Crítica | Mirrors No. 3
o Jogo de espelhos.
Em uma cena central de Mirrors No. 3 toda a família se senta na sala de casa para ver a personagem de Paula Beer tocar um piano que não é tocado há algum tempo. A mãe se senta ao sofá e atrás dela há uma pintura pendurada na parede: vemos duas pessoas caminhando numa estrada rural. De certo modo, essa imagem resume o novo longa-metragem de Petzold, onde uma mulher lida com o luto enquanto idealiza a companhia da sua filha, pintada no passado.
Uma mãe que tenta superar a perda da sua filha encontra uma nova possibilidade de continuar a sua vida quando uma outra jovem, interpretada por Paula Beer, sofre um acidente de carro ao lado de sua casa no interior da Alemanha e pede para se hospedar na casa da mulher durante a sua recuperação.

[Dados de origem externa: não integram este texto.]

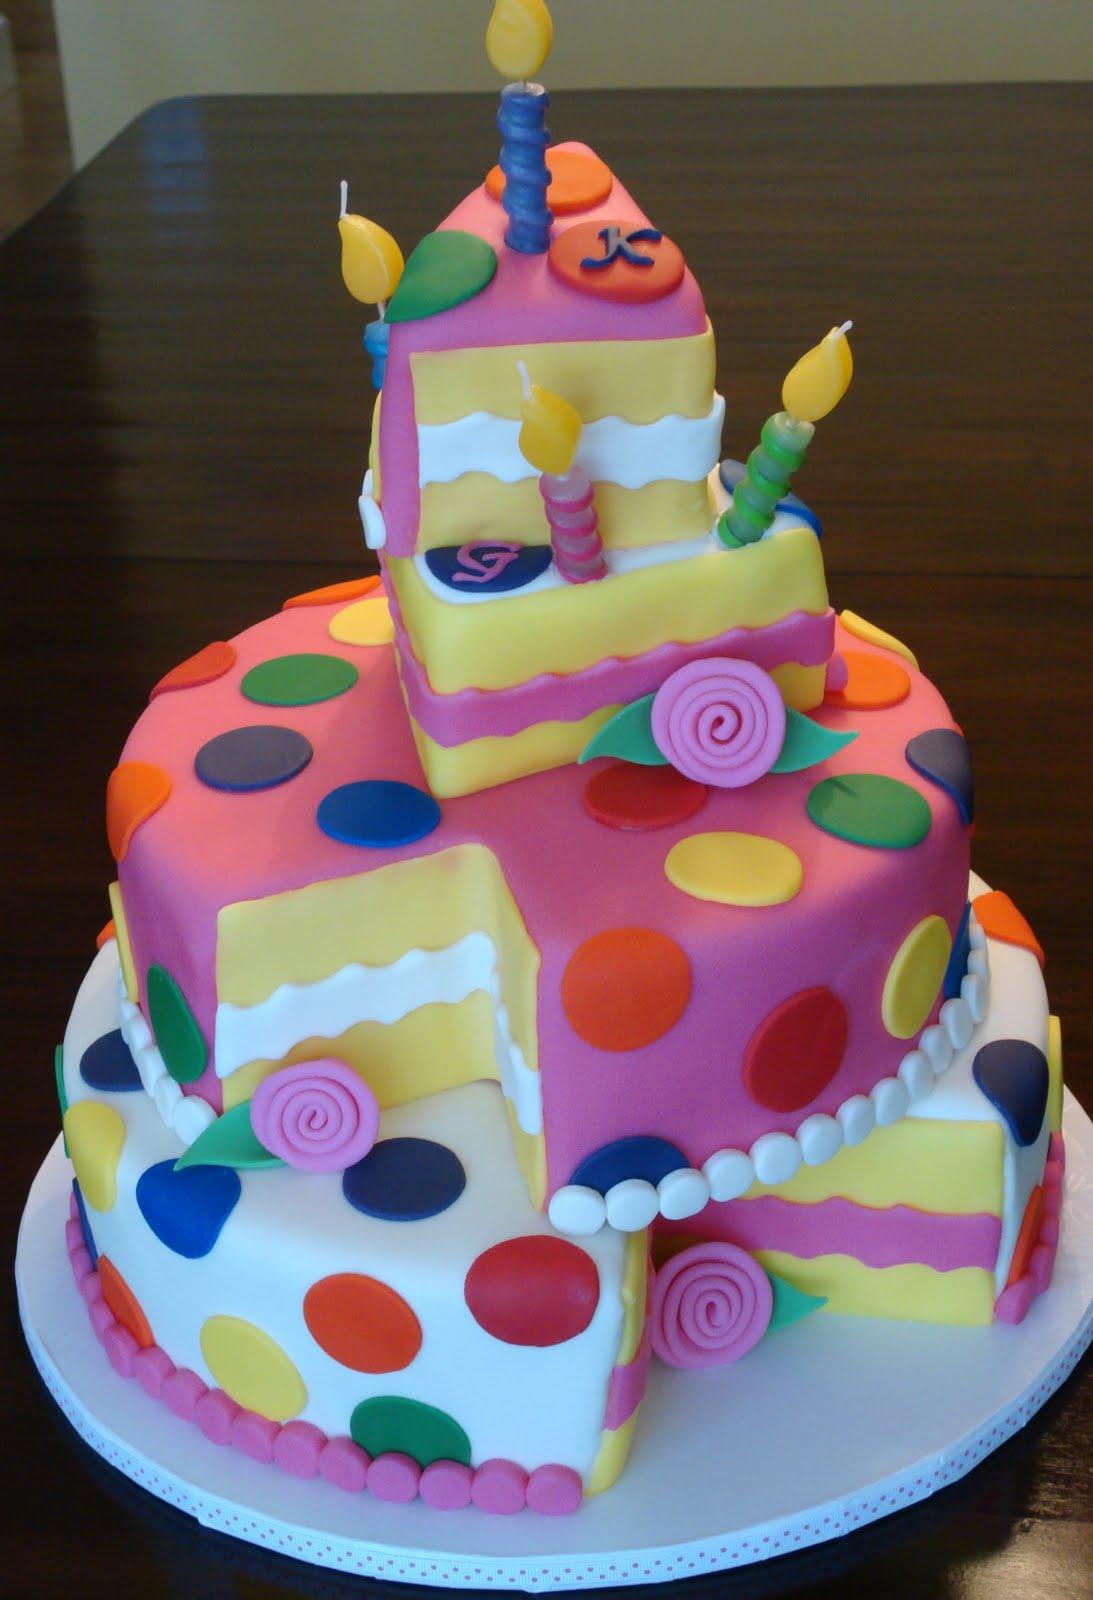 Cake Designs With Polka Dots : Debby s Cakes: Topsy Turvy Polka Dot Birthday

As duas rapidamente encontram algo que procuravam uma na outra: A mãe encontra a filha que perdeu e a moça encontra uma mãe disposta a cuidar dela em um momento de dor e fragilidade.
Todavia, uma família não se trata apenas de uma mãe e uma filha. Logo após as duas desenvolverem uma conexão, em uma bela cena que dividem uma bicicleta, os homens (assim que a mãe se refere a seu marido e seu filho) reaparecem e voltam a orbitar aquele ecossistema. Eles também passam a ver a jovem como o centro de força que mantém a família unida, e é com o preparo de uma refeição dela que eles novamente se reúnem. Na cena que já descrevi, ela enche o ambiente com seu piano para eles ouvirem.
O título do filme, homônimo da música de Ravel - que é a principal trilha sonora do longa - entrega que Petzold está fazendo um filme de duplos. Cada um ocupa o papel que não é seu, mas de outra pessoa que não está ali. Os pais podem ir colher amoras para fazer bolo, os irmãos podem passear de bicicleta pelos campos, mas Petzold procura filmar eles juntos, em uma bela cena os quatro estão enquadrados ao mesmo tempo em uma mesa, olhando em direção a câmera enquanto dividem uma refeição.
Por isso quando o irmão finalmente quebra o espelho e conta para Paula Beer o que ela e todos nós já sabíamos - que aquilo é a encenação de uma família que se perdeu - é tão dolorido ver os quatro isolados dentro da casa.
Ela fechada, no seu quarto e os outros três revivendo a dor da solidão e da perda. A solução de Petzold de transformar a família em voyeurs da vida de Paula Beer é a única possível, e eles seguem tendo algo para se reunir: as imagens da jovem filmadas por um celular.